Wednesday, November 7, 2012

I sit here in a snowstorm. My house has been without power for 10 days because of the hurricane. i'm checking my text messages for anything from missing friends with houses closer to the surge-hit areas in Monmouth county. I'm wondering if I'll find someplace tomorrow to get enough gas to make it to work. I'm hoping and praying that the trucks I hear driving by outside are coming to fix the downed poles on my street. And I'm reading some comments on a major conservative blog on how Chris Christie's comments about Obama's help with relief efforts make him "dead" to mainstream republicans.

I am sorely vexed. 

Chris Christie didn't cost Romney the election, nor did he win the election for Obama. Chris Christie did what he always does: his job. He's the governor. Half his state looks like New Orleans after Katrina. He's putting his energy, efforts and yes, his political clout into the effort to help the people who elected him, and the people he represents. 

Chris Christie isn't dead. The Republican party is dead. Christie is just fine. The best the GOP could come up with, faced with a president so weak on fiscal policy and foreign affairs that a WET PAPER BAG (of which we currently have plenty, here in NJ) could have beaten him, was Mitt Romney. 

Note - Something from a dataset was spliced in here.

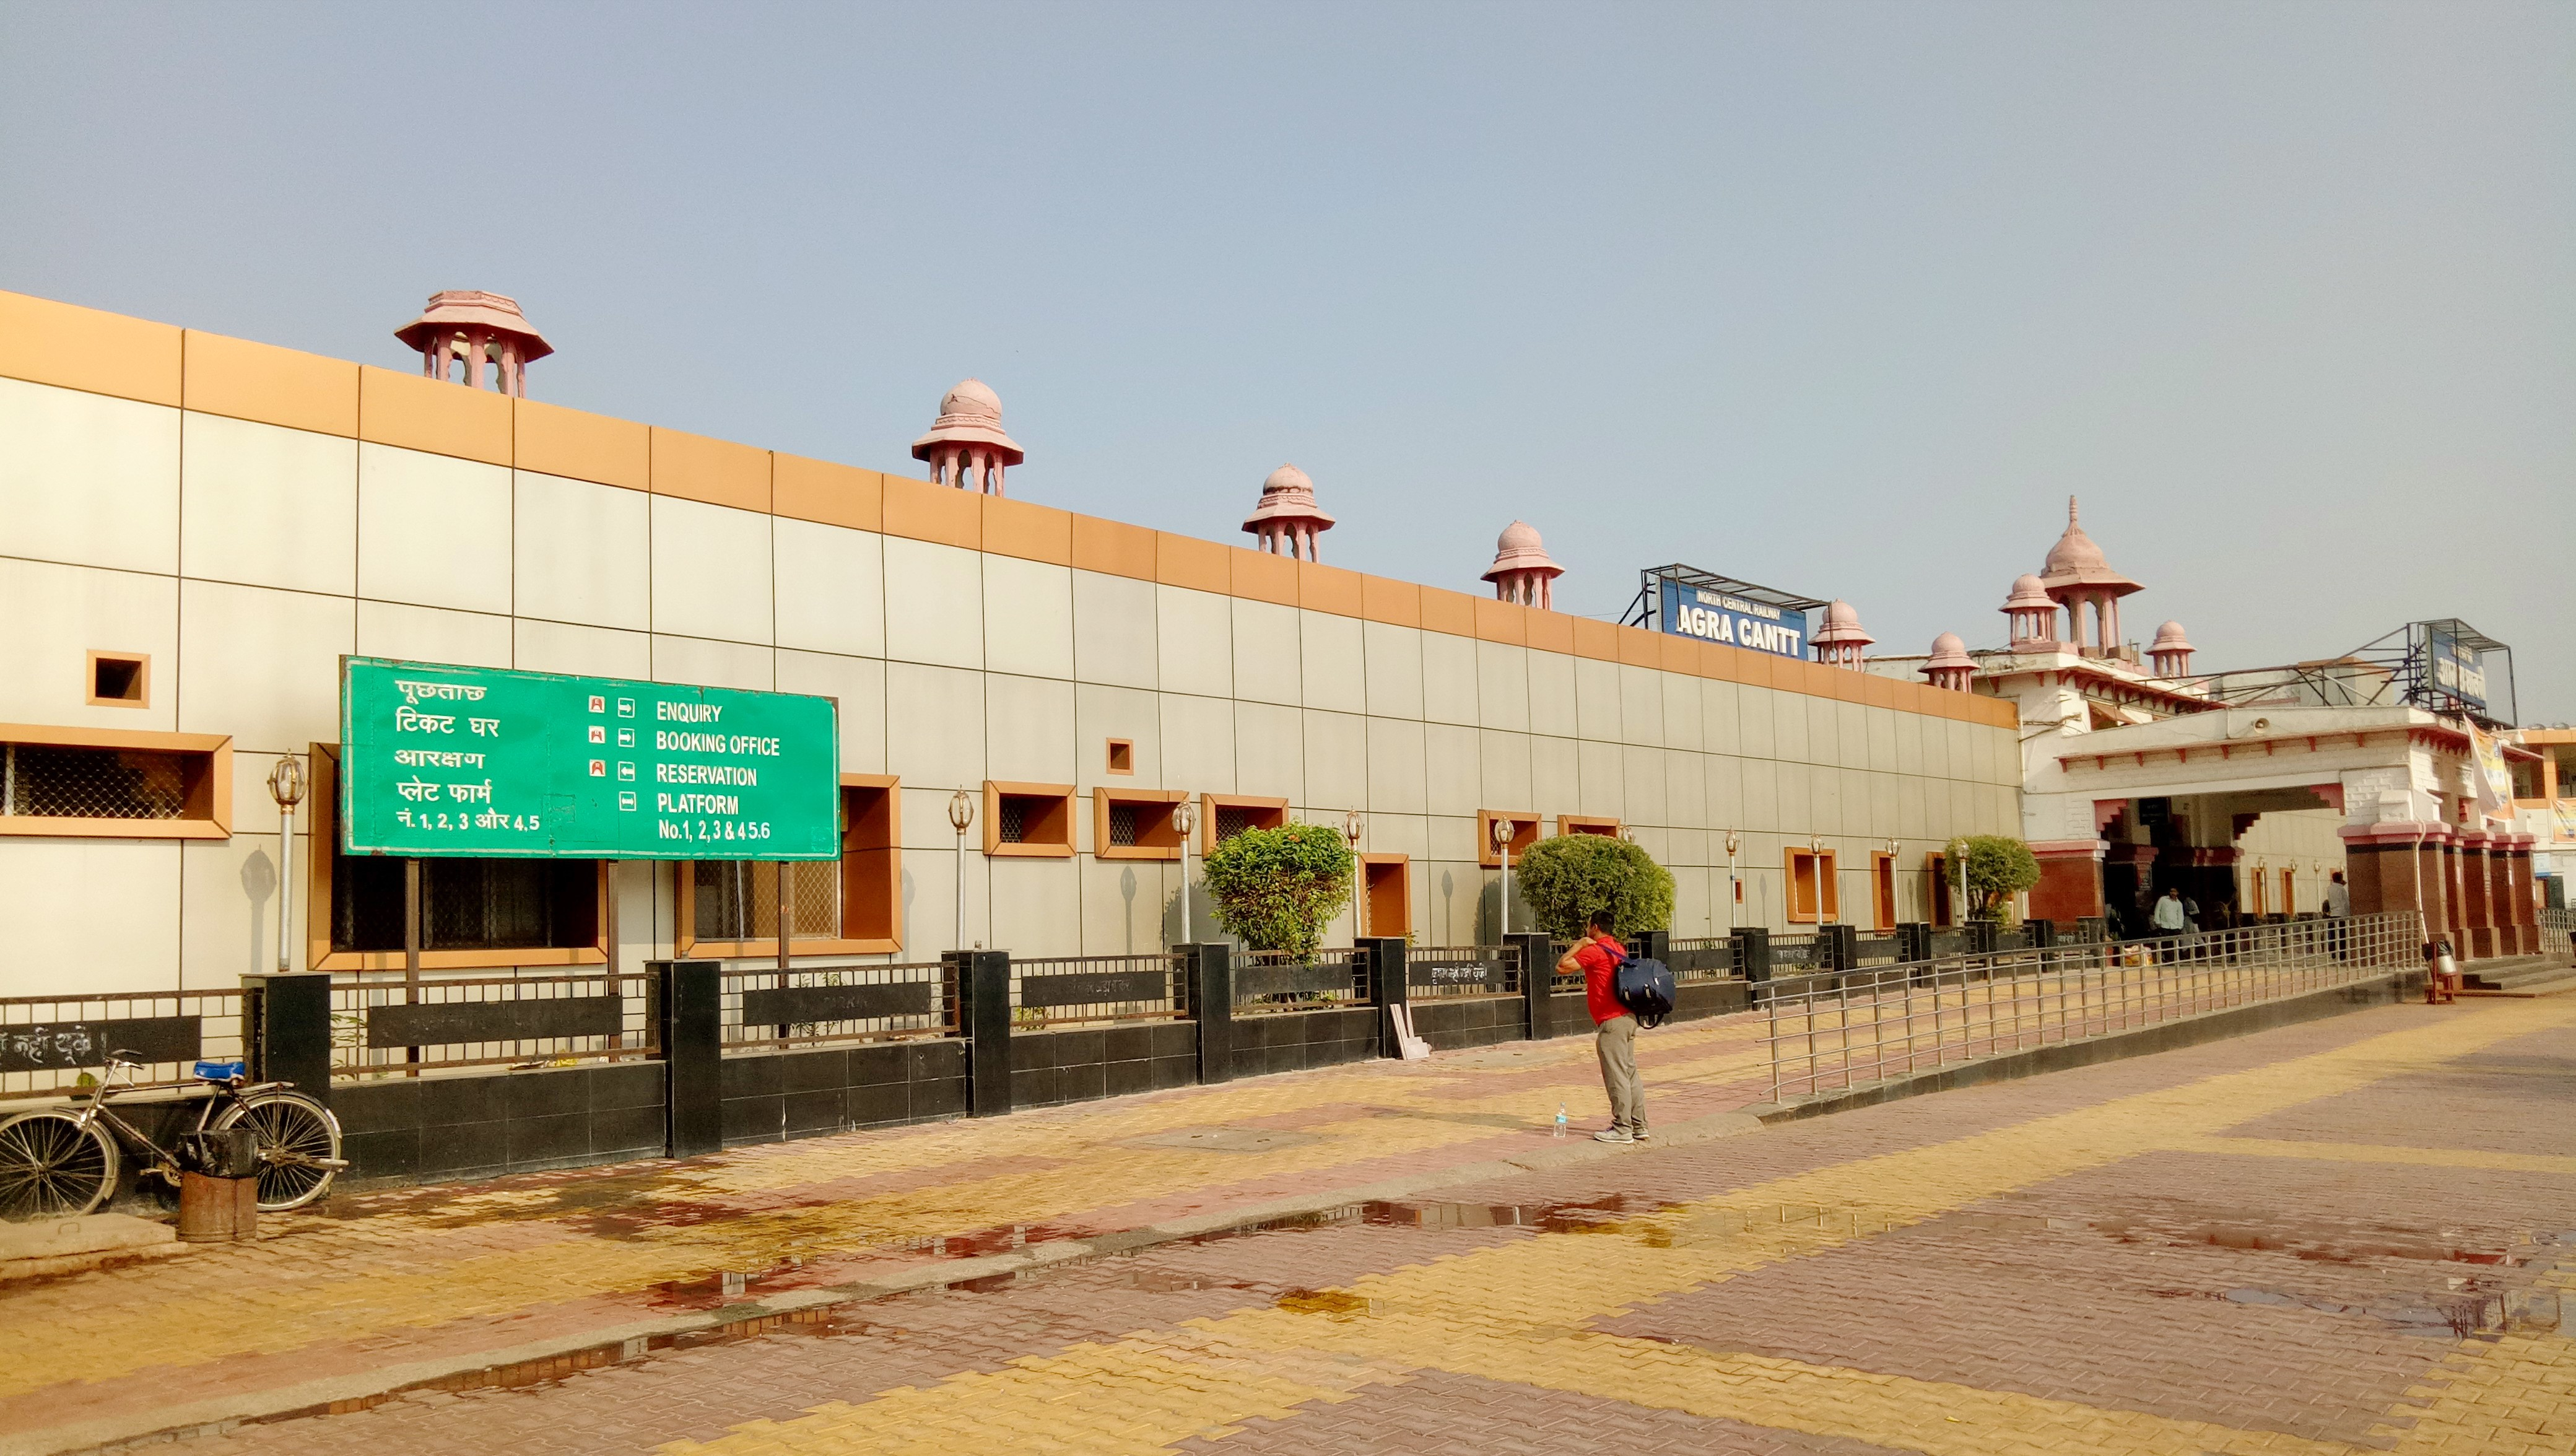 Agra Cantonment railway station - Wikipedia

Seriously? The best and brightest of the GOP is a somewhat-left-of-sort-of center former governor from a liberal New England state with a track record that has more switches than Penn Station, a horrible personality deficit that he struggled mightily (and, frankly, admirably during the debates) to overcome, and - on the issues where Obama was weakest - policy positions that were largely indistinguishable from the past 12 years. He had great business experience, but he had absolutely no conservative credentials whatsoever. He certainly displayed no serious limited-government impulses beyond the again vague promise to stop government interference in business that - correctly or not - was widely perceived as code-speak for still more crony capitalism. 

Seriously? Mitt Romney essentially ran on the "I'll do things vaguely different from Barak Obama, but not touch YOUR entitlements and somehow miraculously put you back to work" platform. He made smart moves with the debates, and a brilliant VP choice (who, somehow, mysteriously vanished during the last month of the campaign, yet managed to emerge victorious in his own congressional re-election run - talk about hedging your bets!) He performed admirably in the polls. 

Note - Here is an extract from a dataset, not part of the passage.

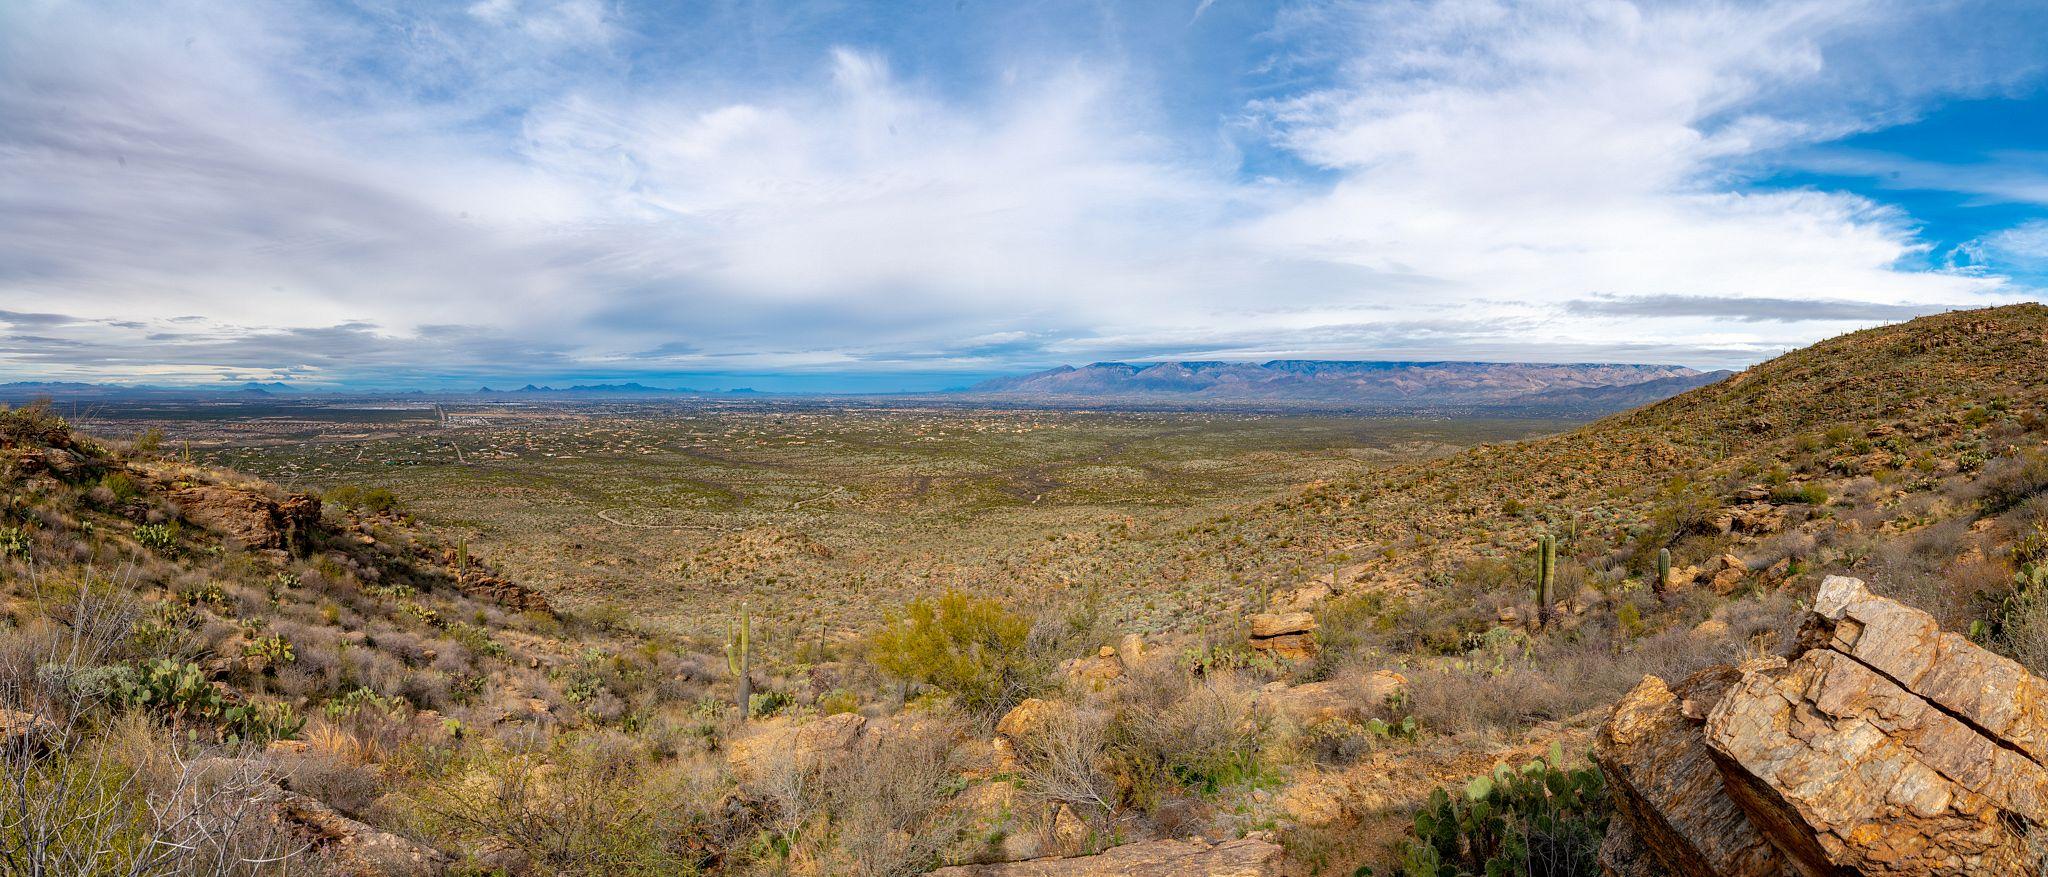 Panoramic Views from Tanque Verde Ridge

But Romney didn't win, because he lost states he needed to win. And he didn't lose those states because of a picture of Stan and Ollie embracing on a washed-out beach. He lost them because, yet again, the GOP has produced a candidate that is so undifferentiated that, other than indistinct promises to "repeal Obamacare" and insincere-seeming nods to a few social issues, I cannot find within my mind any clear idea of how a Romney presidency would be substantively distinguished from Obama's.

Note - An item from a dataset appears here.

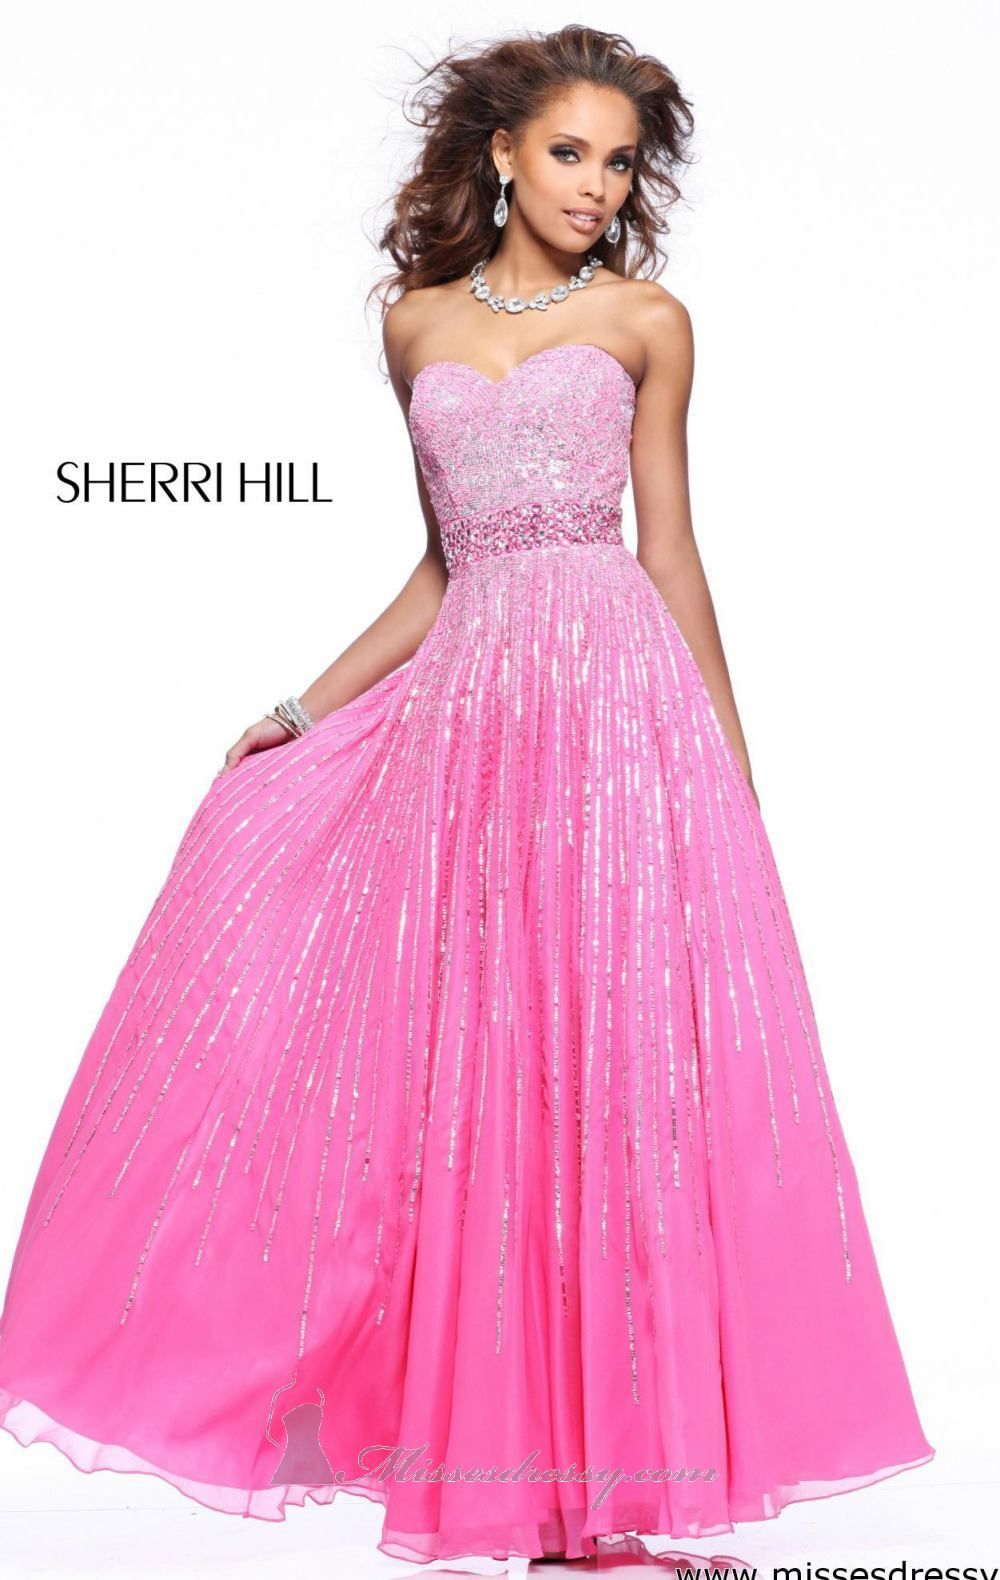 Prom Dresses 2014 | MissesDressy.com | Oh my dresses!! | Pinterest ...

I don't know what the next four years will bring. I'm not likely to vote for the next GOP presidential candidate. But I do know this: if the future of the GOP looks like Mitt Romney, it's dead. And if there's no place for Chris Christie in that party because he did his job as governor of a state that suffered an unprecedented natural disaster, then that's a good thing, because Christie is the kind of guy who I believe will find a place in national politics, and wherever he ends up, I'm far more likely to give them my vote than I will the party of Mitt the Undistinguishable.

I don't like everything Christie does. His position on guns is horrible (It's understandable, seeing that he is both a former prosecutor and a governor of a gun-hostile blue state, but it's not excusable.) His position of drug prohibition perpetuates the government-sanctioned thuggery of professional law enforcement. But, on balance, he's a good governor, considering the recent history of that position in New Jersey.